Task description | Starting at the line holding "Туннель Учка в" and finishing at the line holding "Туннель не менее", transcribe the material exactly, keeping both ends but no pictures.

Records to process |
=== Section Start ===

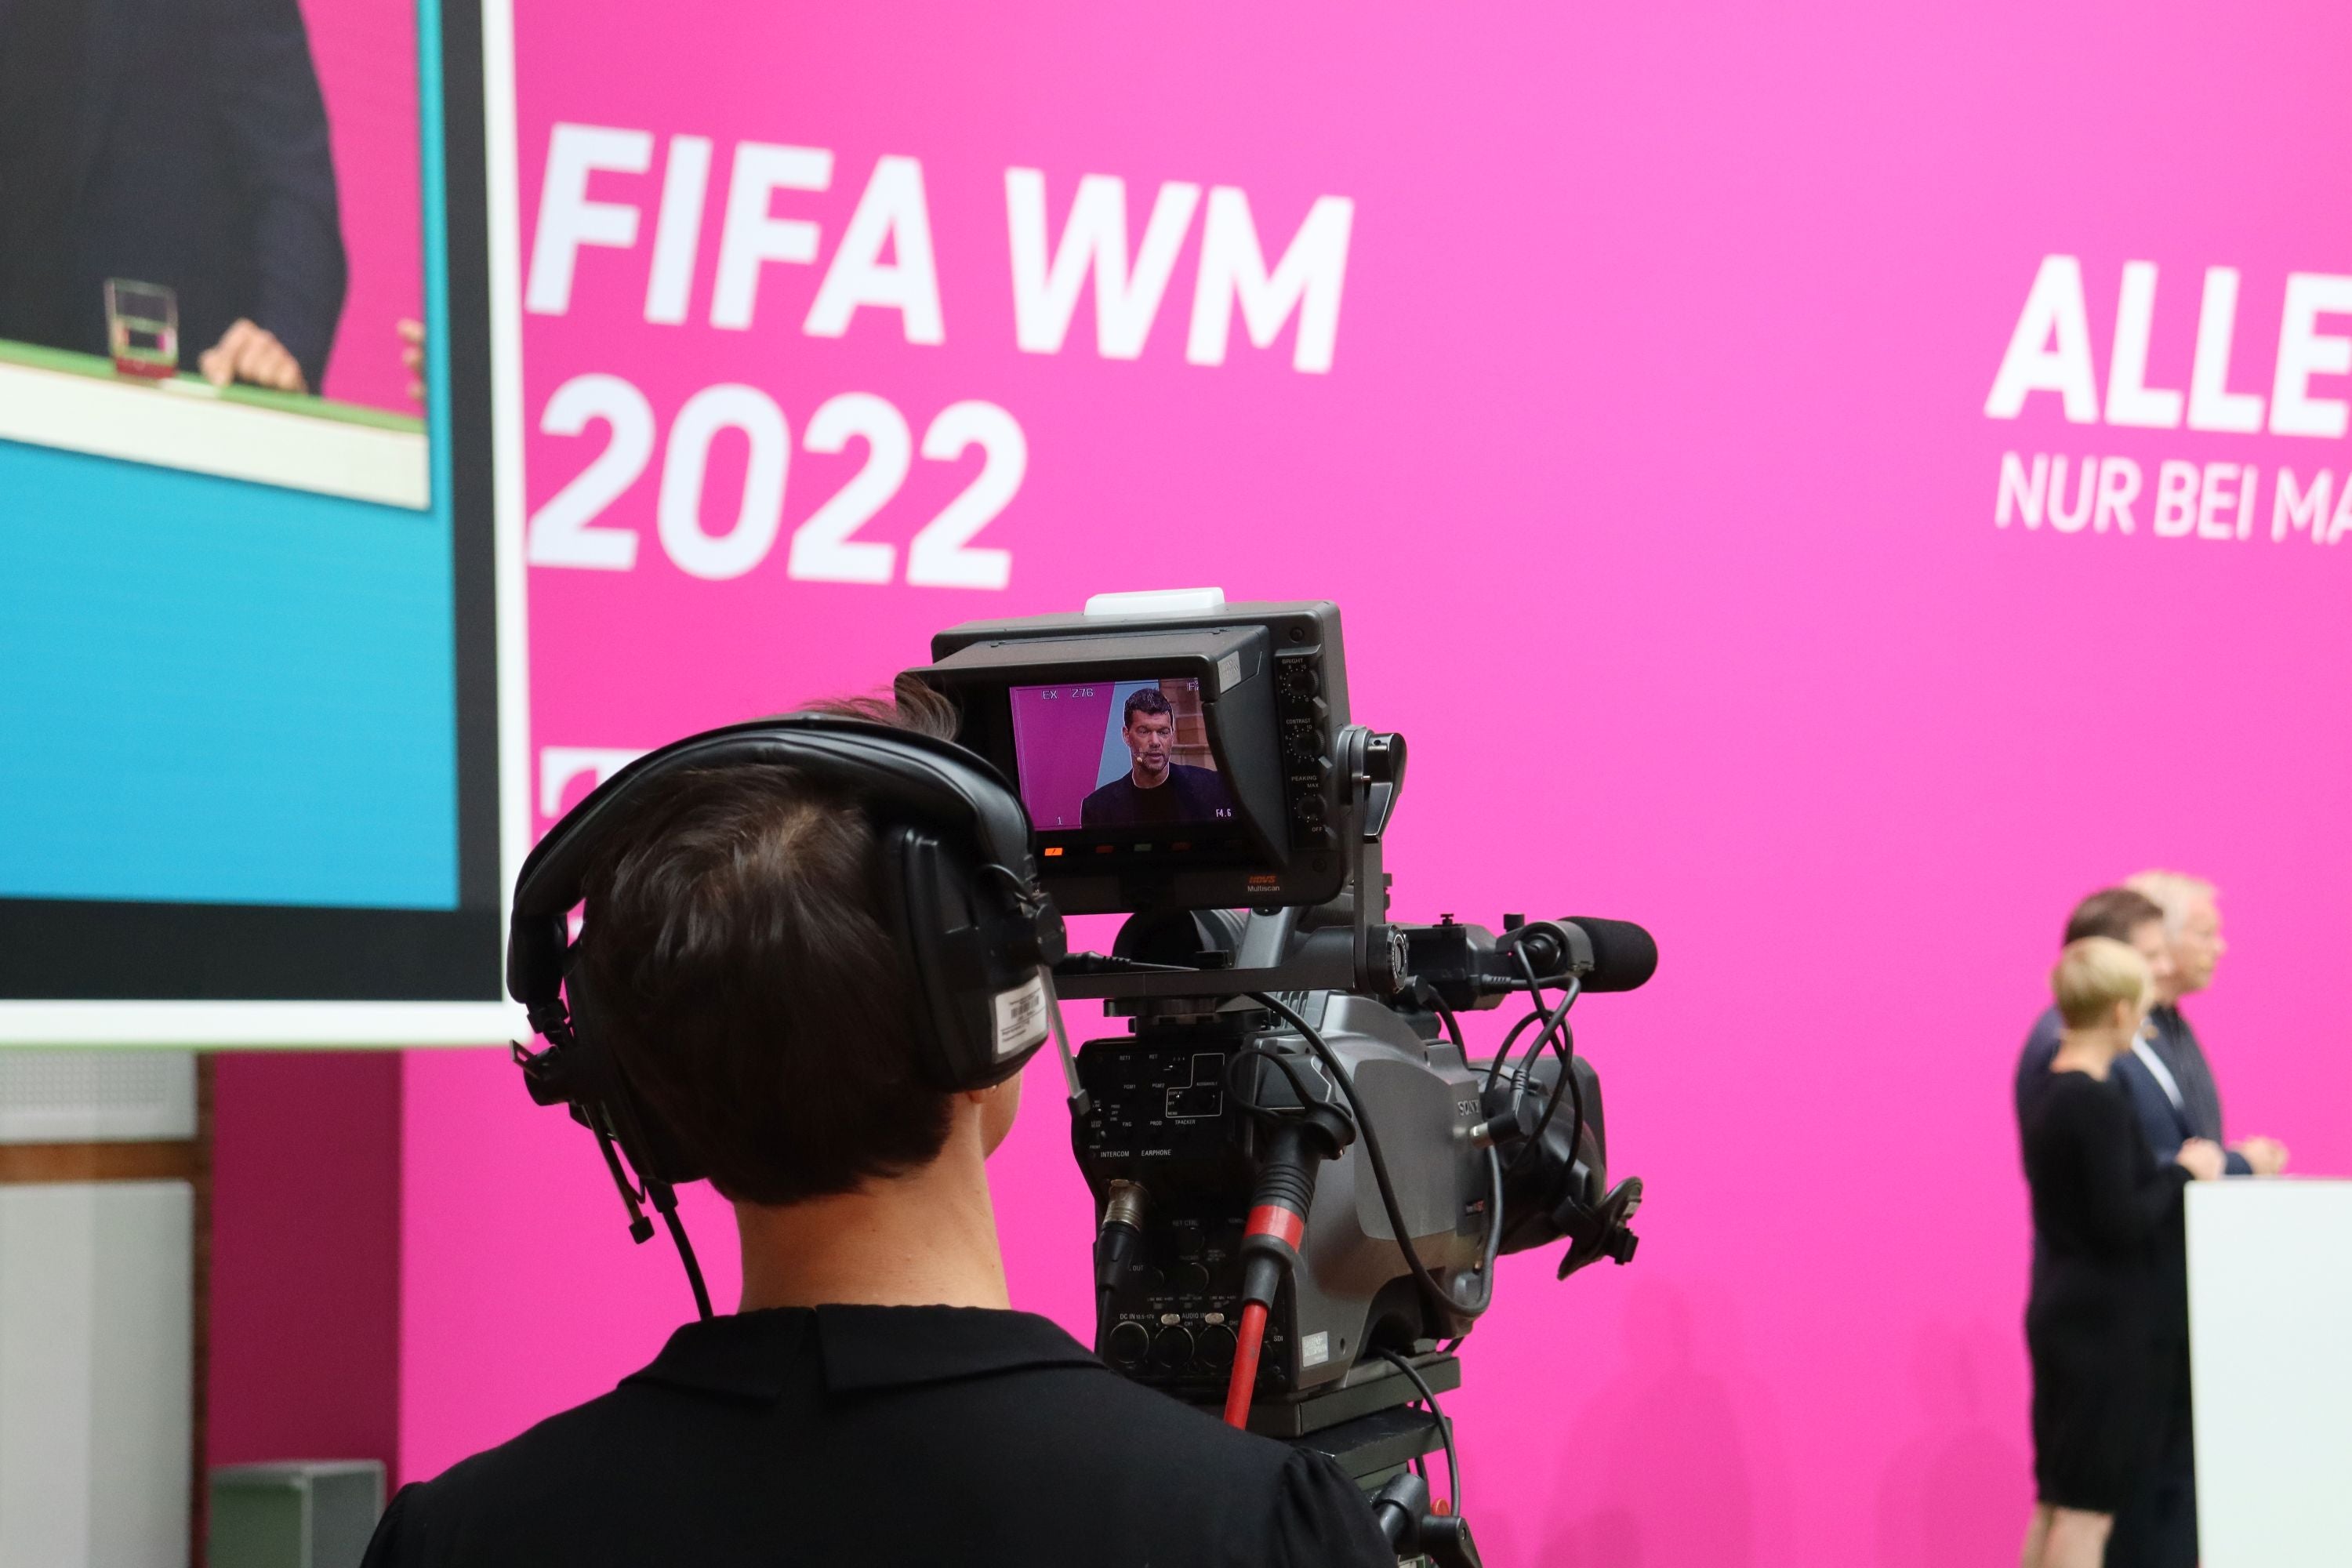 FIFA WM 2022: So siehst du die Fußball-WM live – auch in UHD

=== Section End ===
=== Section Start ===

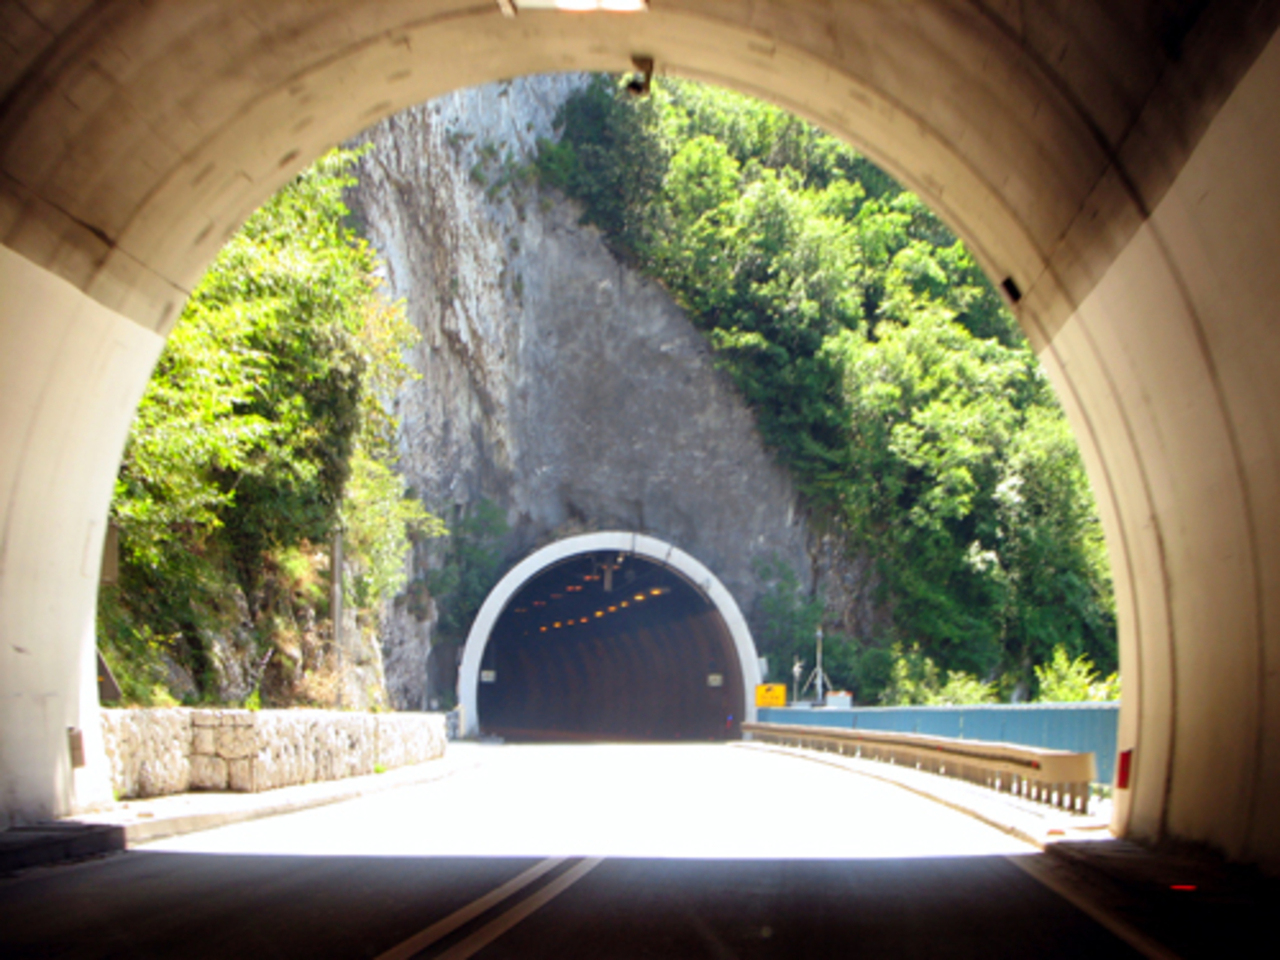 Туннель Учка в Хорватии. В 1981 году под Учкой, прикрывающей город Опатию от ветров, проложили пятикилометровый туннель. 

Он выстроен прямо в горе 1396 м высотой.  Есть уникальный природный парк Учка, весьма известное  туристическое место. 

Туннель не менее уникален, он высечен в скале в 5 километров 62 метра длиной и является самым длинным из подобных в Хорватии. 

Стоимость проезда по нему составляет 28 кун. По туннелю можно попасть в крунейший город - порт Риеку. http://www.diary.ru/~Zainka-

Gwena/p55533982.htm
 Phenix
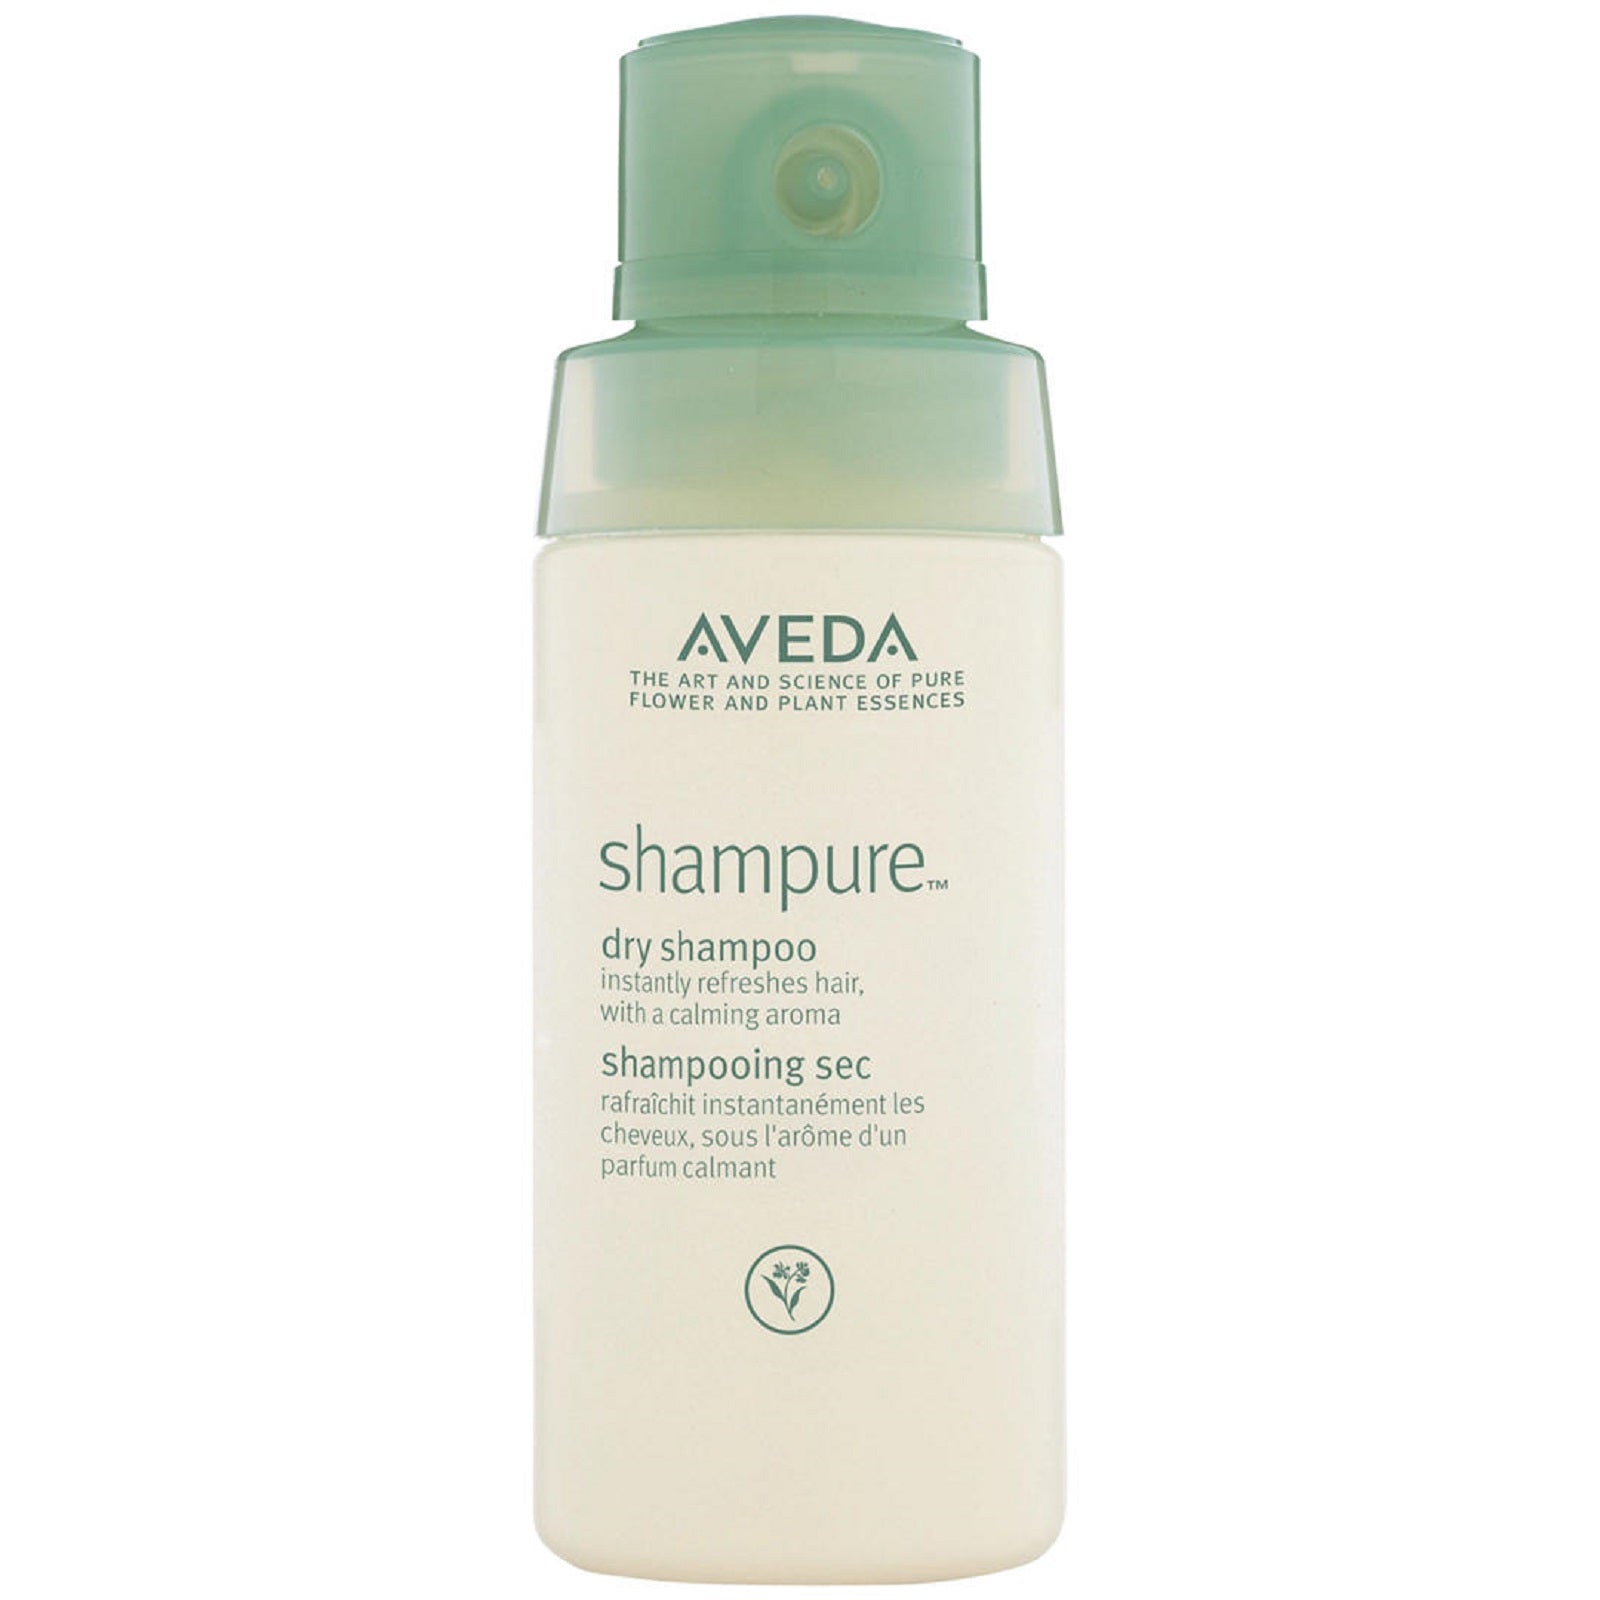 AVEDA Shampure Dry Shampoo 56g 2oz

=== Section End ===

Result of this task |
 Туннель Учка в Хорватии. В 1981 году под Учкой, прикрывающей город Опатию от ветров, проложили пятикилометровый туннель. 

Он выстроен прямо в горе 1396 м высотой.  Есть уникальный природный парк Учка, весьма известное  туристическое место. 

Туннель не менее уникален, он высечен в скале в 5 километров 62 метра длиной и является самым длинным из подобных в Хорватии. 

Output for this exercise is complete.